There are so many different directions I want to head in here, but I want to get back to your story of what happens next. Here, you have this epiphany of, “I quit. I need a different path.” What did you decide to do next?

The prudent thing to do would have a job lined up or a plan in place. I didn't have any of those things. This was a real stepping into the void of the vast unknown. What I did was decide to travel the world. I am an avid traveler. That's been my hobby. I packed up my apartment in Washington, DC, and threw a backpack over my back. I then married my husband a month after I quit my firm. Together, we decided to explore six continents on our timeline and let it take us where it needed to take us.

The beautiful wisdom in the adventure is the newness of your environment and everything around you. Everything is unknown and unfamiliar, and it is vastly uncomfortable. It is an accelerant for growth. That's what it offered me. That's how I dived into this world of self-development and discovered what it means to be who I am underneath who I thought I was as the personas that we tend to show the world.


The beautiful wisdom in adventure is the newness of your environment, of everything around you. Everything is unknown, unfamiliar, and it is vastly uncomfortable and it is an accelerant for growth.


It’s like, “This is me. I am this high-achieving successful attorney in Washington, DC who wears Brooks Brothers suits. I always have the right heels, the right wine, and all of that.” In Thailand, all of a sudden, none of that matters. It's not that it's wrong. It's not relevant. Who am I now? It's this calling to go inward and go deep within myself to pull out what it means to be me when I don't have any of those acculturated societal values of whom I'm supposed to be nudging me anymore.

It's so brilliant that you share this. This is something that resonates with me very deep down. You often talk about the explorer's mindset, which is the sense of letting go of all that stuff that we expect, the creature comforts of home. It is allowing yourself to let go of all that and say, “I'm going out into the world to experience the world on the world's terms, not on my terms.”

You went out there and had the mindset of embracing whatever shows up and adapting to whatever shows up. That ability allowed you to transform through that journey. That is something that everyone should give themselves the chance to not go into the world as a tourist but to go into the world as a traveler. Allow yourself to experience it on the world's terms, not on yours.

That is beautifully said.

Thank you. You experienced it, so that’s me reflecting on you. You came back from a journey around the world that transformed you, but tell me. What happened next?

All of the traveling allowed me to do something that I hadn't done in at least a decade, if not more, which was to slow down, take hustle culture out of the picture for a minute, and not have results, productivity, and outcome be the driving purpose of what I wake up for. It is to experience life and to experience myself. In slowing down, I practice self-reflection. It is intuitive and natural for me as an attorney to sit there, write, journal, think, and peel off layers until I get to the essential nugget of something. Instead of it being the law, it's me. I love that exploration.

The journey itself was more profound and interesting than the answers.
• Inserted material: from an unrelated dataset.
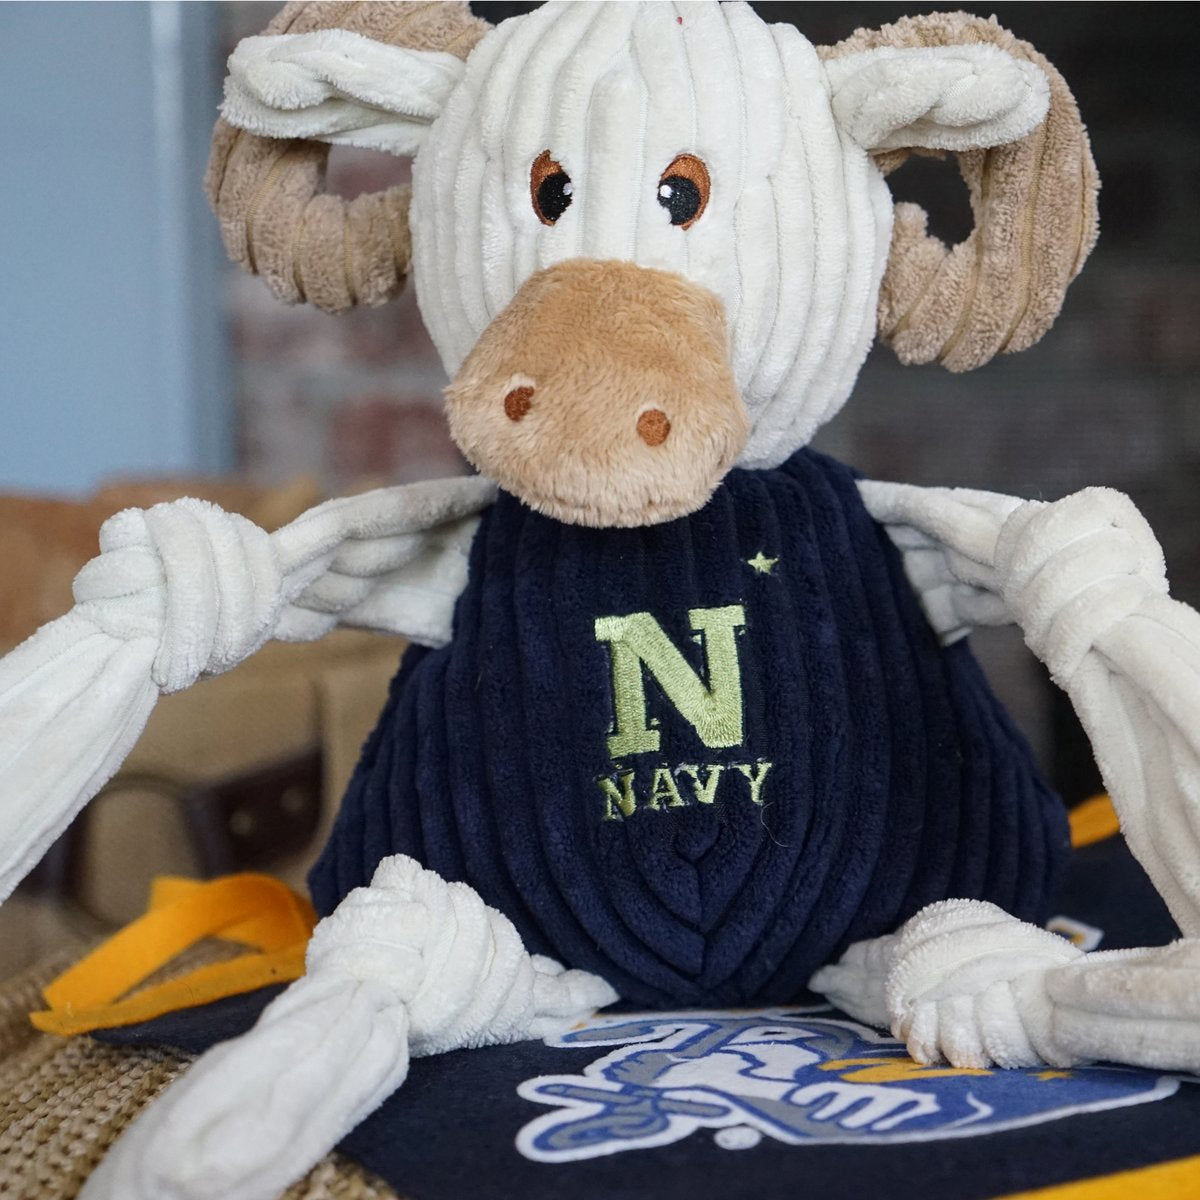 HuggleHounds Knottie Officially Licensed College Mascot Durable Squeaky Plush Dog Toy, Navy Midshipmen

In doing this work for a while, what you learn is the answers are not static. You don't arrive at the answer and go, “I'm done.” The answers will change because we are dynamic human beings who evolve through the context of life. We are allowed to change. Arriving at an answer is a beautiful moment, but it doesn't mean you are done.


Arriving at an answer is a really beautiful moment, but it doesn't mean you're done.


That's how when we got back to the States and started to settle down, I thought, “What do I want to do with my life when I wake up in the morning? What's pulling me?” What was pulling me was offering this way of navigating life. It's very internal GPS-focused on, “What are my values? What are my terms for success?” It is giving that to people like me who are climbing that corporate ladder, still feeling like something is missing and looking for the answer that we are not taught exists, which is innate within you. You have the answers on how to pull those out and use those to navigate forward.

There are two things that you mentioned that I want to reflect on in the sense that you are using skills that you have already learned, but you are using them in a different arena. The introspection, the ability to get to the facts. The facts in this case are not based on the case, but it's based on you and understanding, “Who am I at the core? What am I all about?” It is being able to ask the right questions to unearth that. Also, there’s the realization that it's not a destination that you arrive at. It's the journey that you go on that is constantly something that you will always discover. It is getting comfortable with the realization that you are never finished.

For anyone who is married or in a relationship, this is the best analogy that I always like to use. You can get married and put that marriage certificate on your wall. You can hang it up like a degree and say, “I did it,” but you are not done. You have to wake up every day and honor that marriage certificate and practice the values and the vows. That's exactly what it means to do this journey of knowing who you are and living with personal integrity.

It’s a recommitment to that. It's a recommitment to everything that you stand for and everything you want to stand for. At times, you have to come back to, “What does success look like in my marriage? What does success look like in my life?” What does success look like in all aspects of your life? At different stages, it looks different.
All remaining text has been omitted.